Example: counting tokens
from pydantic import BaseModel
from agno.models.message import Message
from agno.models.openai import OpenAIChat
class Answer(BaseModel):
answer: str
model = OpenAIChat(id="gpt-4o")
messages = [
Message(role="system", content="You are a concise assistant."),
Message(role="user", content="Summarize context compression in 2 sentences."),
]
# Tool definitions can be passed as OpenAI-style tool dicts
tools = [
{
"type": "function",
"function": {
"name": "search_web",
"description": "Search the web for a query.",
"parameters": {
"type": "object",
"properties": {"query": {"type": "string"}},
"required": ["query"],
},
},
}
]
tokens = model.count_tokens(messages=messages, tools=tools, output_schema=Answer)
print(f"Estimated tokens: {tokens}")
Token counting in token-based context compression
When you set compress_token_limit, Agno checks the estimated token count during the run loop and triggers compression when the threshold is reached.
Because token counting can include message history, tool definitions, and the output schema/response format, it more closely matches the “true” request size than counting only message text.
Multimodal estimates
Agno uses conservative estimates for multimodal inputs to support context planning:
- Images: estimated via a tile-based approach (vision-style counting)
- Audio: estimated using tokens-per-second
- Video: estimated as frames counted similarly to images (with conservative defaults if fps/dimensions are unknown)

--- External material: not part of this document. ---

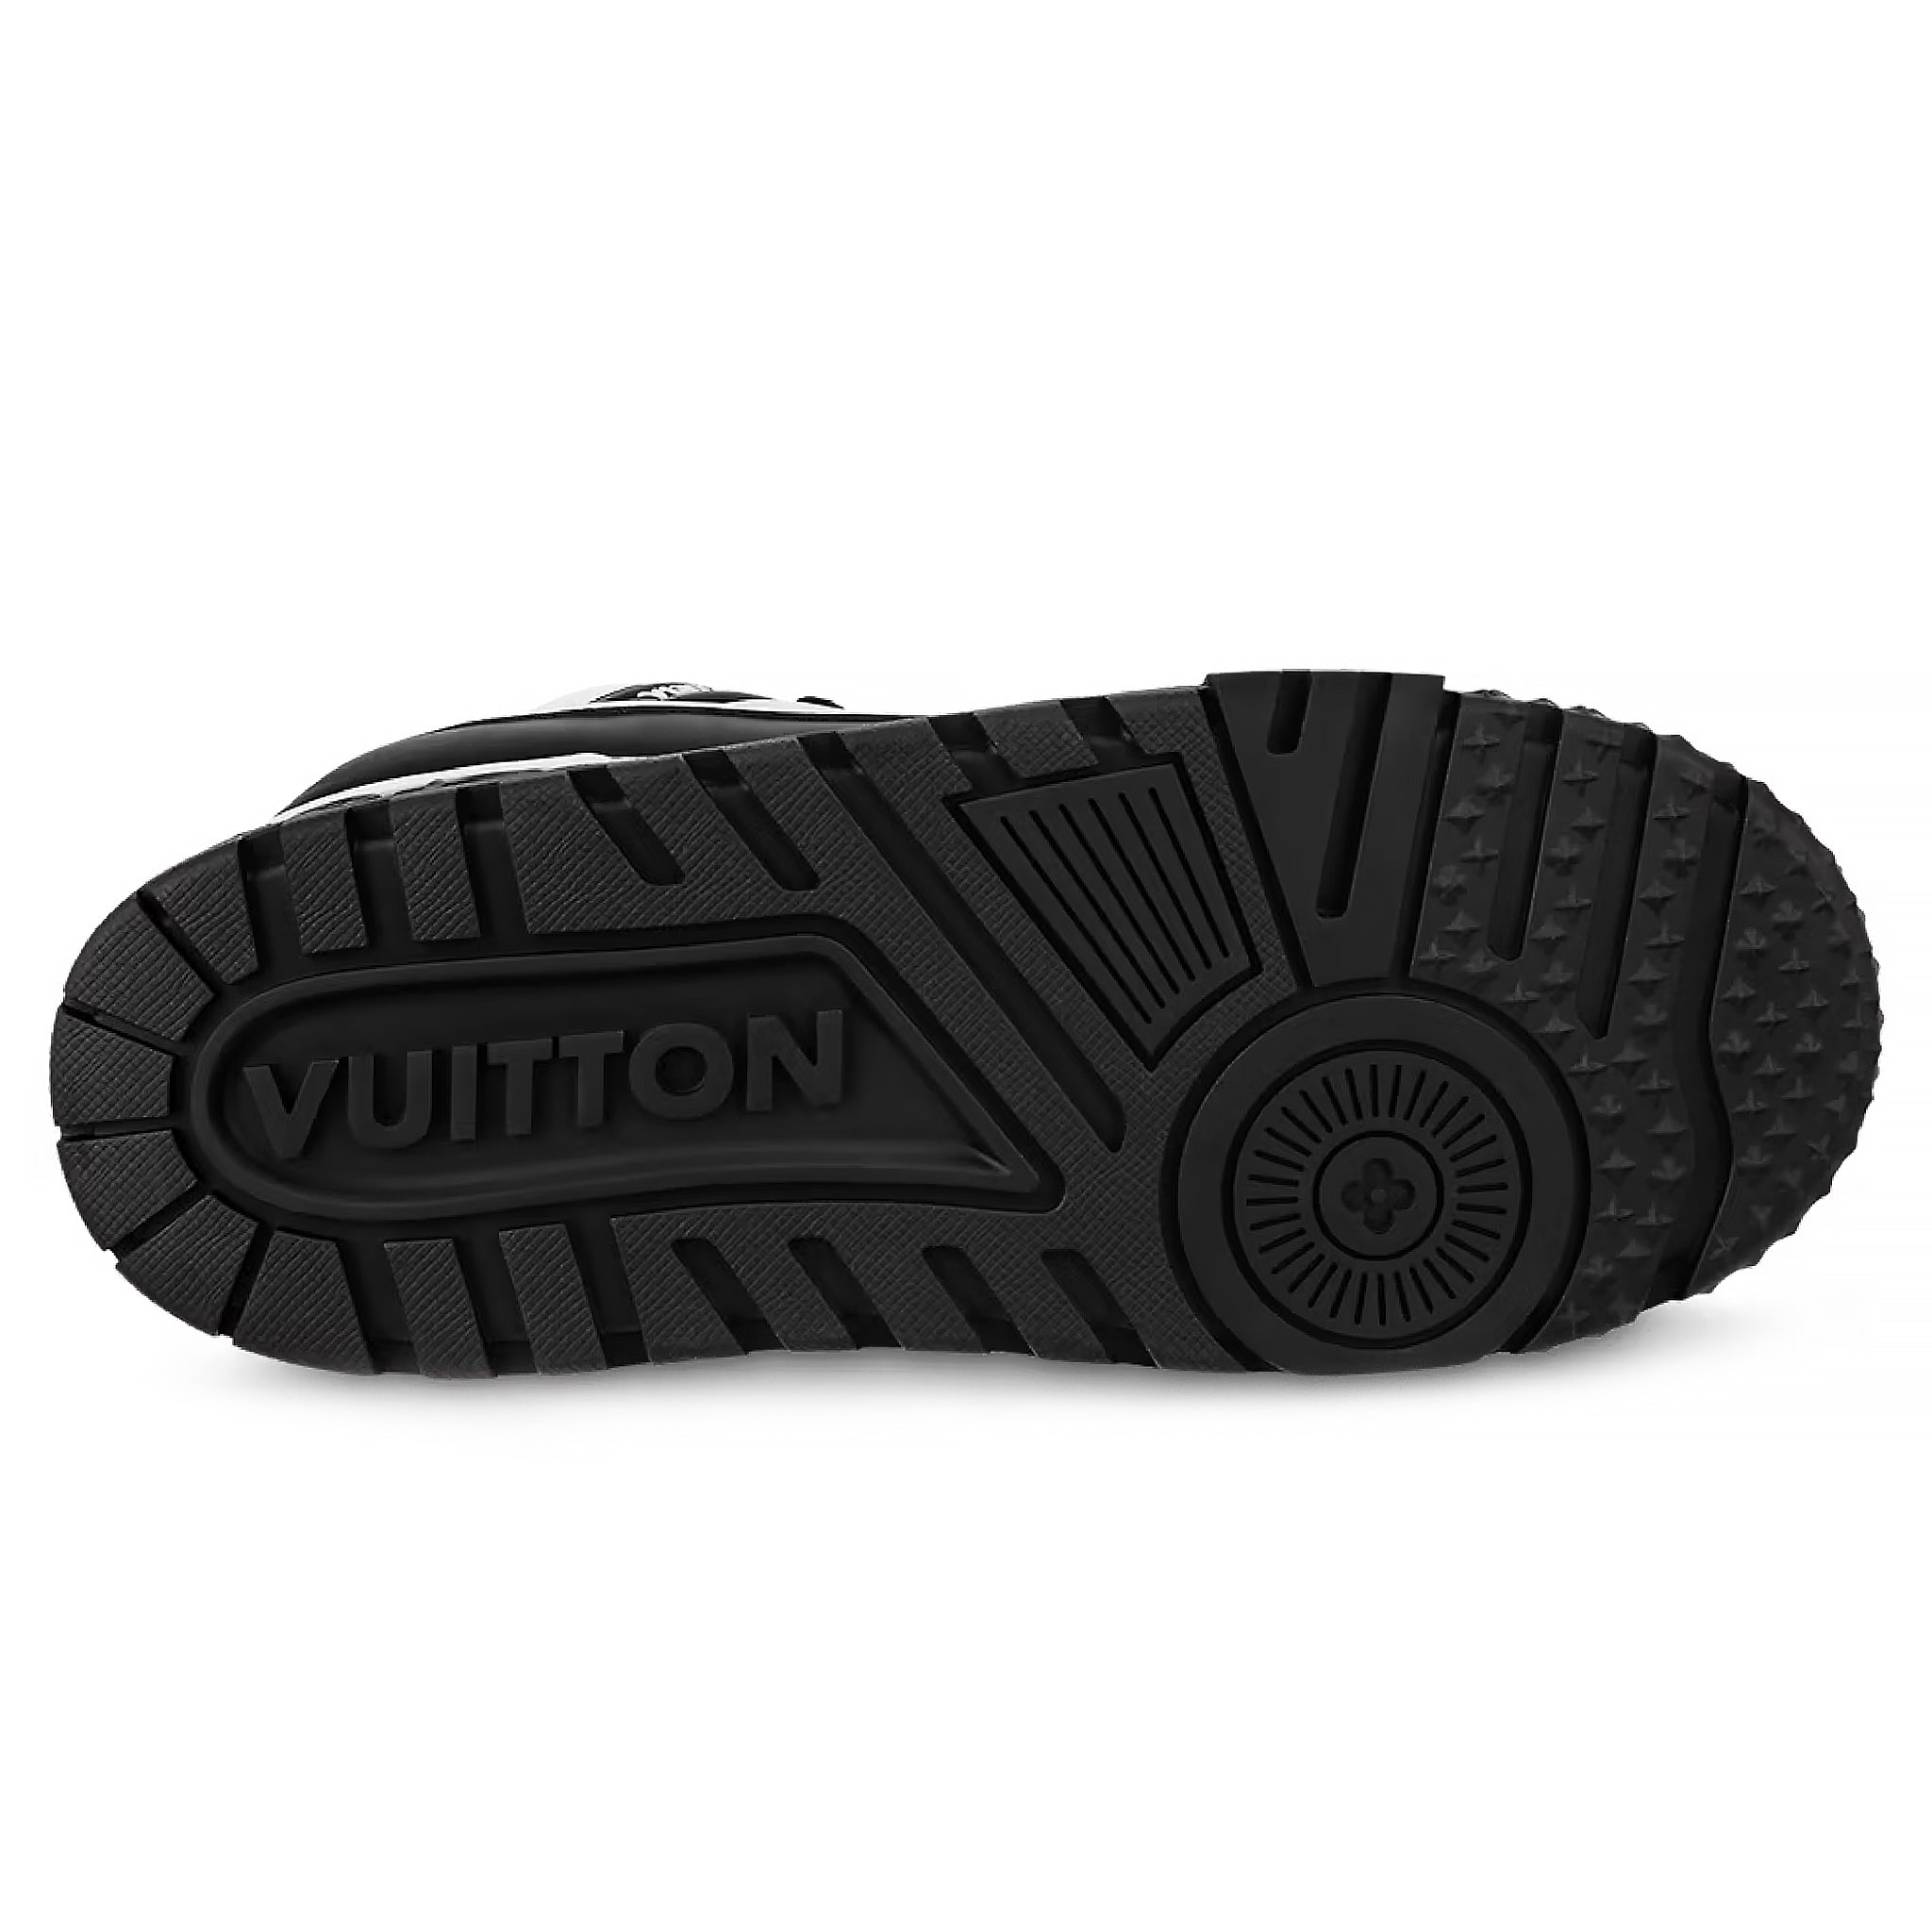 Sole view of Louis Vuitton LV Maxi Trainer Black Sneaker 1ABZQ6

- Files: estimated based on file type/size
Notes:
- Token counting is still in Beta. We do our best to provide an estimate but we do not claim it be be 100% accurate across all providers and models. Please be wary of using this token count for calculating costs.
- For some providers like Claude we are able to call the exact endpoint and get an exact token count. This is not supported for all providers yet.